The second assumption is rather banal. It just asserts that nations (or more particularly, their leaders) do not share the same information or beliefs.
These assumptions have two major consequences, which are woven throughout Nolan’s presentation of military history.
War of Attrition
The first major implication is about the length and nature of war. Because the outcomes of engagements are initially biased, if a belligerent has a large enough bias in its favor, it may be able to defeat a larger enemy before it’s bias is eroded. For this to happen, the aggressor would need to develop a substantial military advantage in isolation, to prevent knowledge from diffusing to the enemy. Does this ever happen?

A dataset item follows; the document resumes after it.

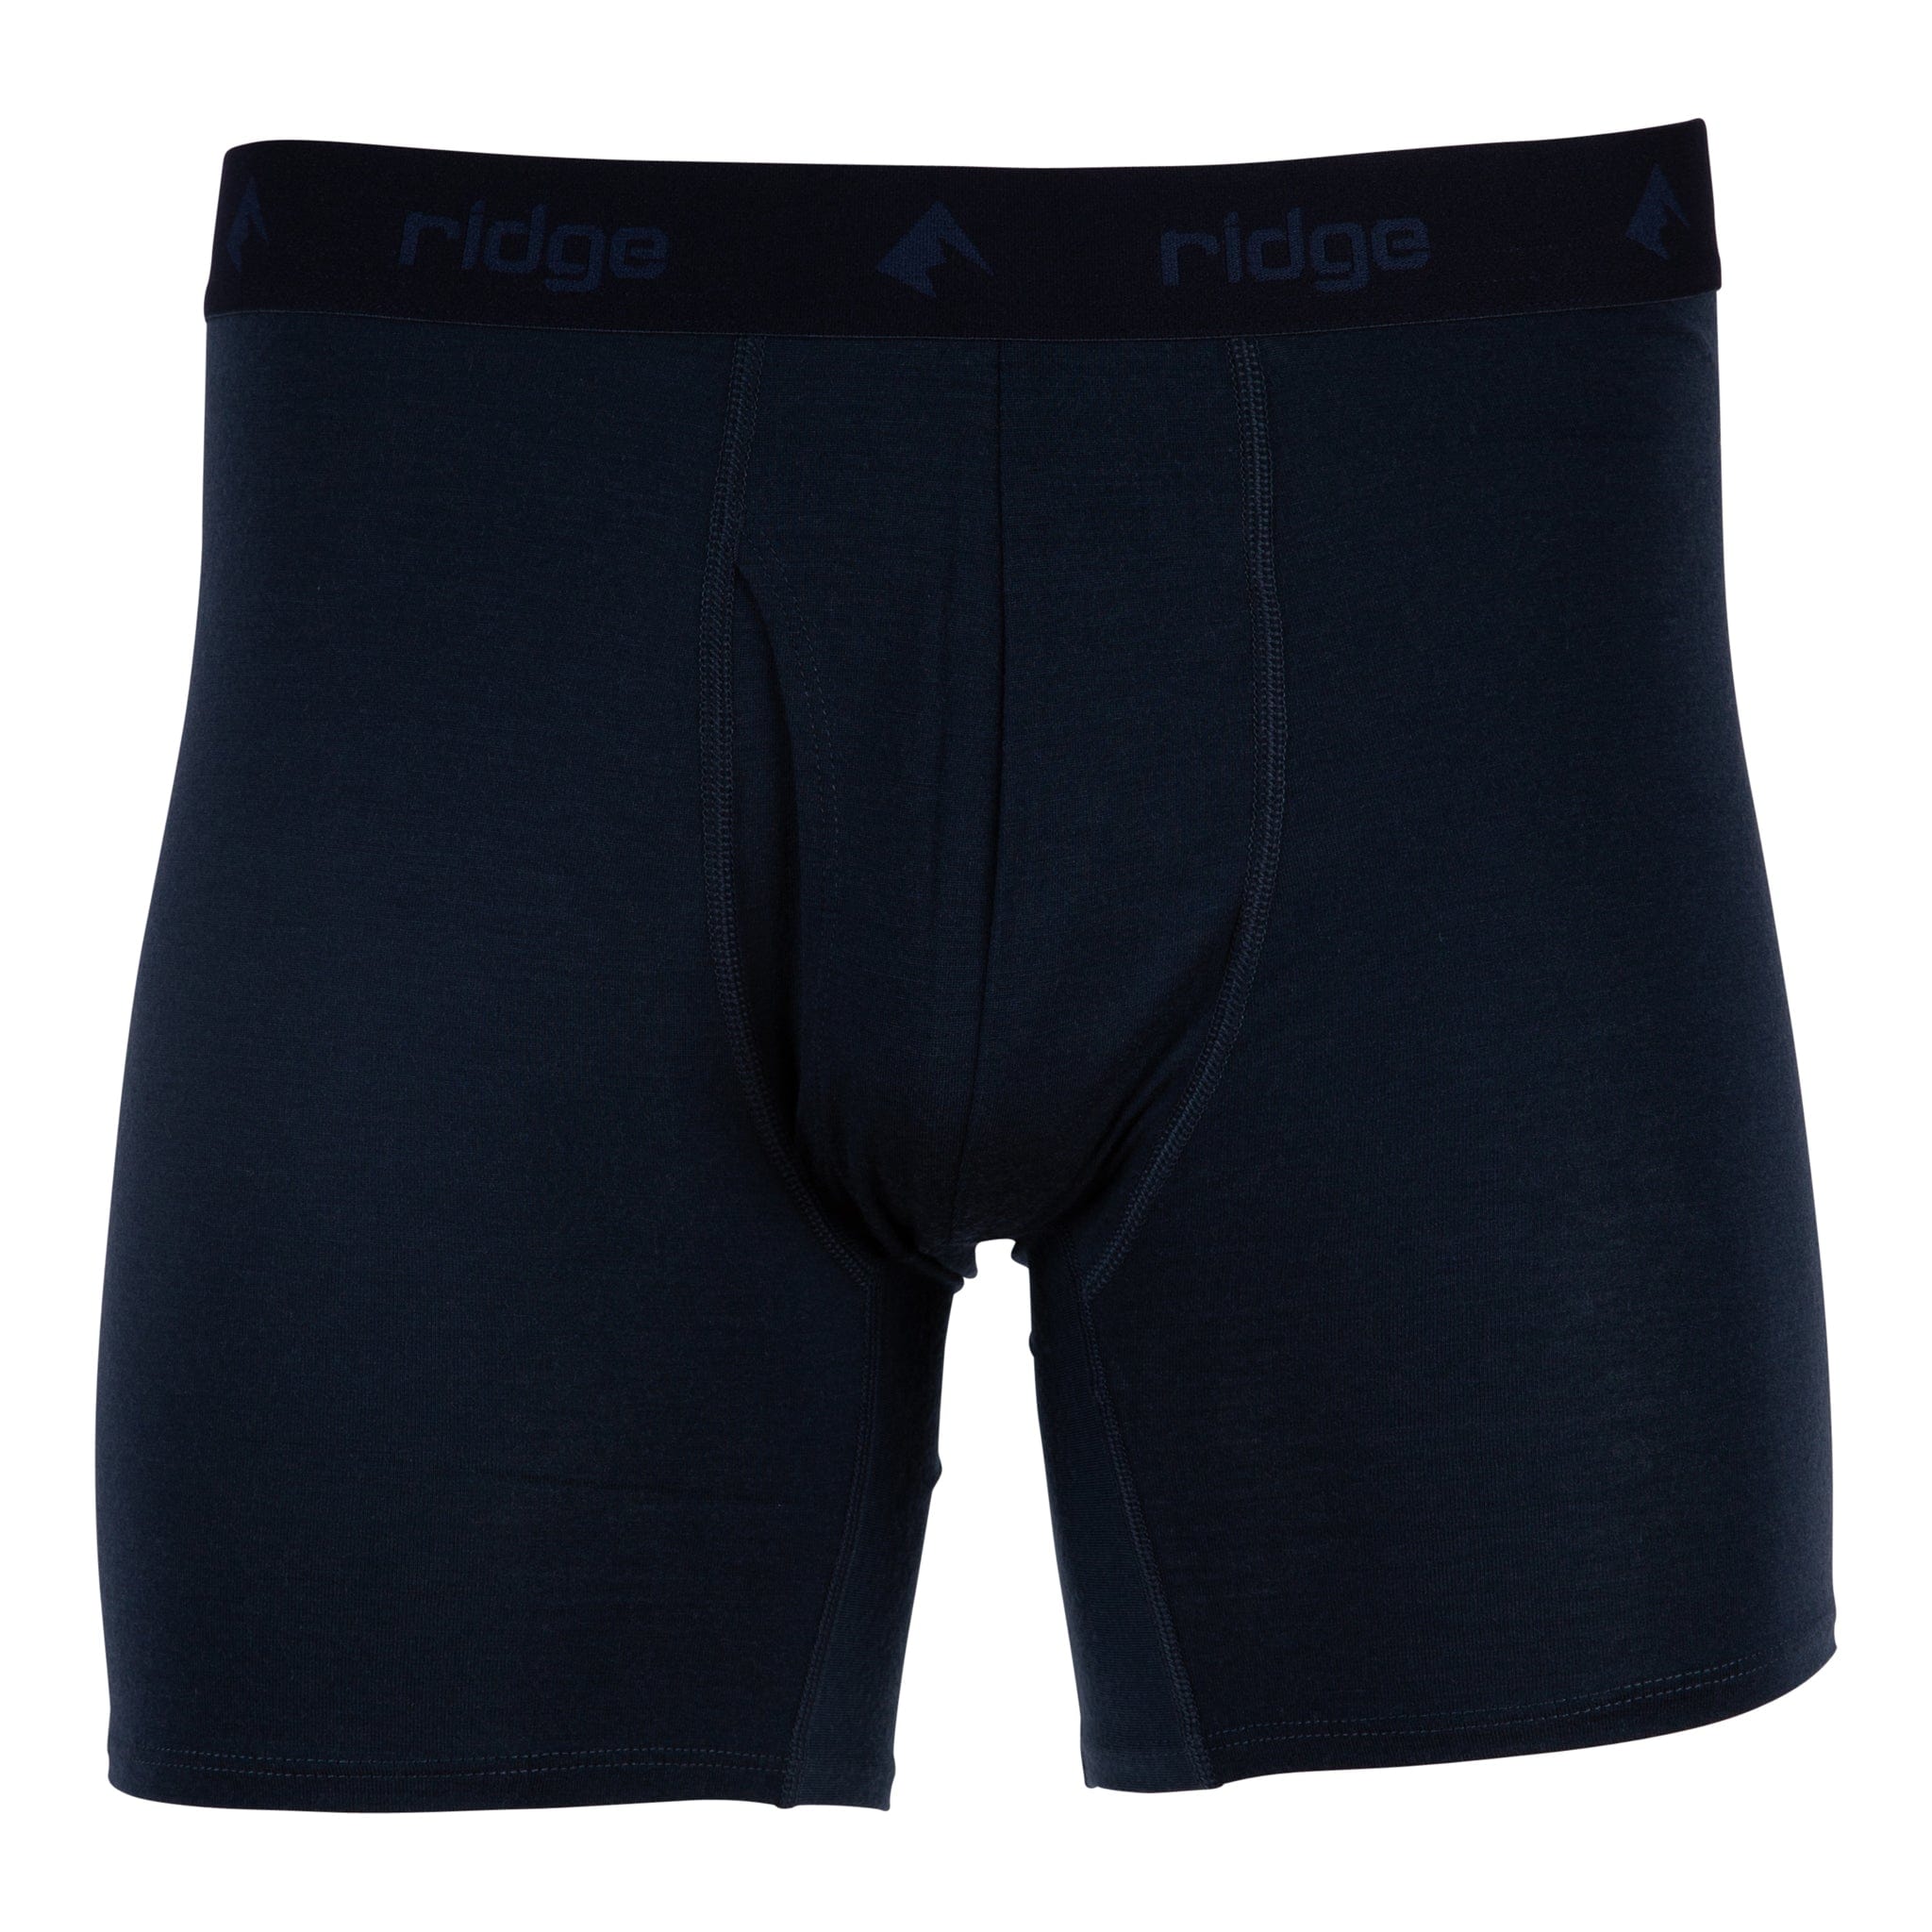 Merino Boxer Shorts - Hunting Apparel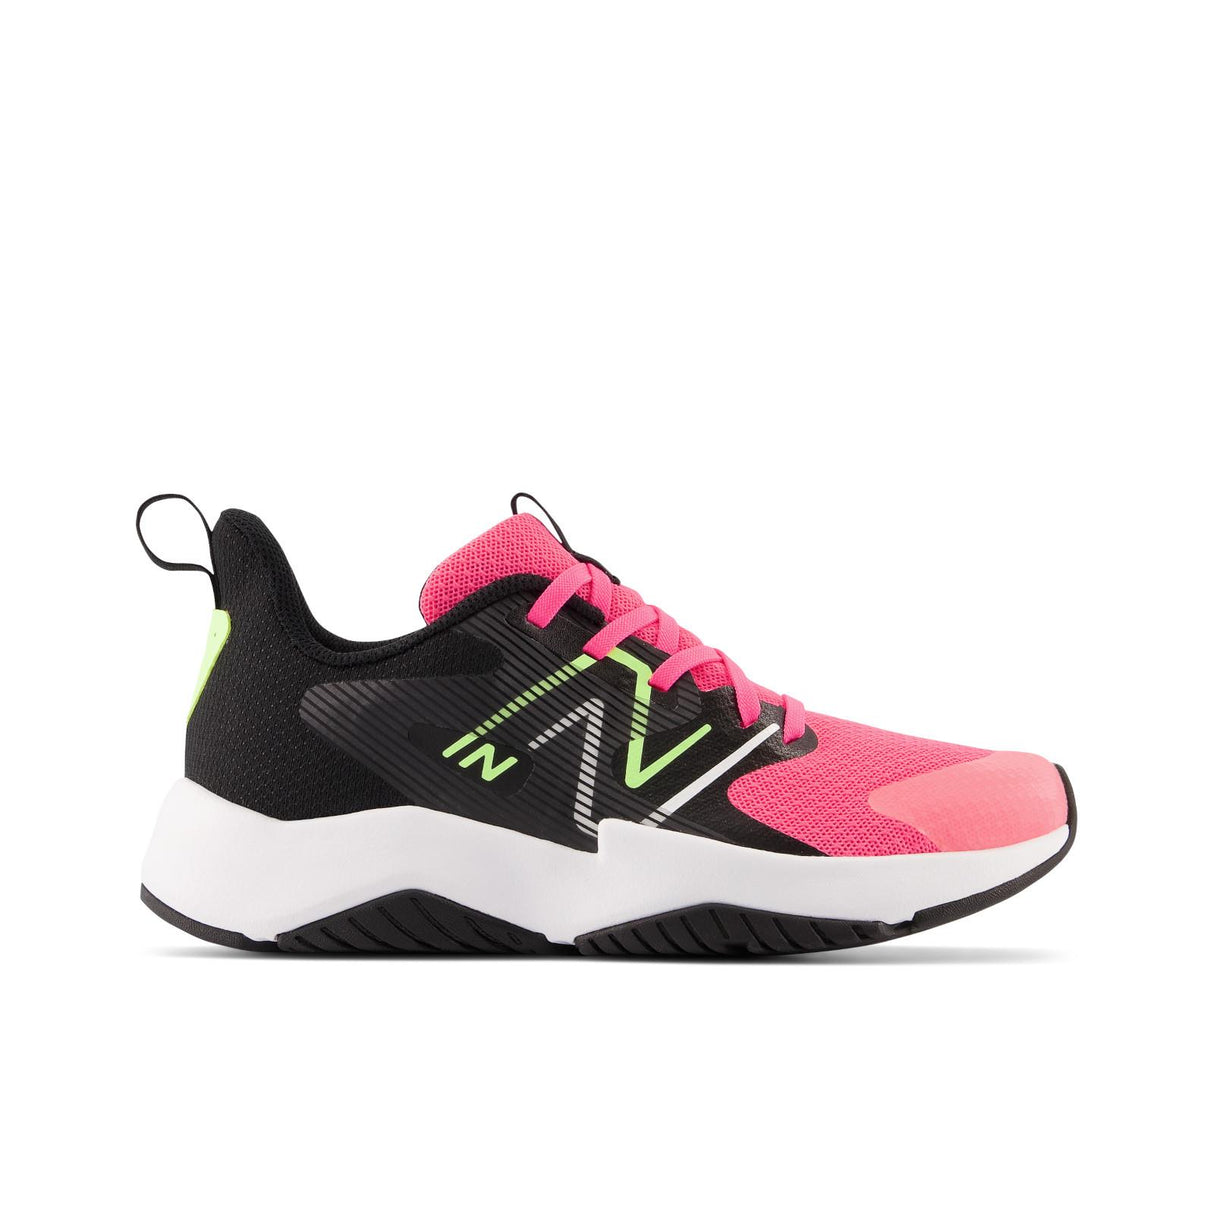 New Balance Rave Run V2 - Kids Running Shoe Black-Pink | Sneakers Plus

Perhaps it can. Though it is not part of Nolan’s narrative, this can account for the rapidity with which Europe subdued its colonial empires with relatively small military forces. European colonial powers were isolated from their colonies for centuries, developing powerful military technologies and tactics on the battlefields of Europe. Crucially, these developments were isolated from future colonies, allowing a substantial military advantage to accumulate by the time war began. In this case, the bias seems to have been large enough to overwhelm differences in the capacity to deploy military resources.
However, within the theater of Europe itself, the answer appears to be no. Developing a military edge appears to require military engagement to perfect. These engagements, then, become the vehicle for diffusing knowledge about superior tactics and technology. Nolan gives many examples of this kind of “in-war” innovation and learning, ranging from the discovery of how close your infantry had to advance before they could stop and accurately hit entrenched targets, to the discovery that WWII bombers needed to practice large-scale area bombing to destroy military targets because they were so inaccurate.
“God is always on the side of the big battalions.”
Except in unusual cases (such as long periods of isolation), the first assumption implies that most wars quickly devolve into a war of attrition, where each side trades losses until the one able to muster fewer military resources capitulates. Yes, there may be lucky and unlucky streaks, but in the end the law of large numbers ensures both sides trade wins and losses on roughly equal terms. Battles are rarely decisive, but merely accelerate or prolong the war of attrition. It is eventually won by the bigger country (or coalition), which can afford to fight for longer. Nolan is fond of quoting Voltaire: “God is always on the side of the big battalions.”
This is a terrible kind of war that few would willingly choose. It is costly, miserable, and long. So why do we nonetheless have war? This is the second implication of this model.
False Beliefs and Much to Gain
The second assumption allows nations to vary in their beliefs. Given that war by attrition is so terrible, wars tend to be started only by countries that incorrectly discount the probability of war by attrition. These are countries that have excessive confidence in the size and durability of the bias in their favor. In this model, war is sort of like the winner’s curse, whereby auctions are won by whichever bidder most overvalues the good for sale. Just so, war is started by whichever country is most mistaken about the scale and durability of its’ advantage.
Nolan calls this “the short-war delusion.” It is a belief that the aggressor’s advantages are so profound that definitive defeats will quickly force the enemy to accept terms. It is a delusion, because this is so rarely the case.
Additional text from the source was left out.